We compare our analytical results for the three models described above against Gillespie simulations(61). This allows us to numerically generate multiple time-traces of initiation events. From these different time traces, we obtain the distribution of initiation times as well as the corresponding values of the mean and variance. The histograms for the times between initiation events for all the three models are shown in Fig. 2A-C. We also show the coefficient of variation as a function of the mean for these models, as we tune the relevant rates in Fig. 2A-C. These results imply that we can discern these three different models of initiation based on the predictions they make for the waiting time distribution of consecutive initiation events as a function of the different experimentally tunable parameters.

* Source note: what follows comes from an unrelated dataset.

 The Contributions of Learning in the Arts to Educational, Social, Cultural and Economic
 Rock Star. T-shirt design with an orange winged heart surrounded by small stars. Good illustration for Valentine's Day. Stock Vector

The dynamics of transcription initiation of ribosomal genes in E.coli can be extracted from images of transcribing polymerases in fixed cells
To demonstrate how the distribution of inter-polymerase distances along a gene can be used to extract dynamical information about the process of transcription initiation in vivo, we have reanalyzed images of elongating RNAP molecules on ribosomal RNA (rRNA) genes in E. coli, which were obtained using the Miller spread technique by Voulgaris et al. (38). In Fig. 3C, we show the inter-polymerase distance distribution for the seven ribosomal genes in wild type E. coli cells (strain pBR322 (38)). A remarkable feature of this distribution is the presence of a peak in the inter-polymerase distance distribution at small distances. This is inconsistent with a “Poissonian” initiation mechanism (19). Indeed, the presence of a maximum in the probability at intermediate distances suggests the existence of a two limiting steps model of initiation (Fig. 3B), where, for example, the polymerase first binds to the promoter, and then escapes the promoter leading to elongation, where the two steps occur with comparable rates. Recent in vivo studies in yeast have shown that initiation can proceed in multiple-sequential steps, where the rates involving these steps have comparable magnitude (36). In addition, when analyzing this data, we consider the time it takes for the polymerase to clear the promoter by elongating through it. To test the hypothesis of two sequential steps leading to initiation, we fit Eqn.3 to the experimental distribution obtained from the images, while assuming as a parameter an elongation speed of 78 bp/second (as measured elsewhere (38)). We find that the two limiting steps model is in good agreement with the data. Furthermore, the fit provides estimates for the rates of promoter escape, rate of RNAP loading on to the promoter, and time to clear the promoter (kLOAD ≈ 3/second, kESC ≈ 3/second and τCLEAR ≈ 0.3 seconds), all of which are in good agreement with previous measurements (62) (See the Materials and Methods section).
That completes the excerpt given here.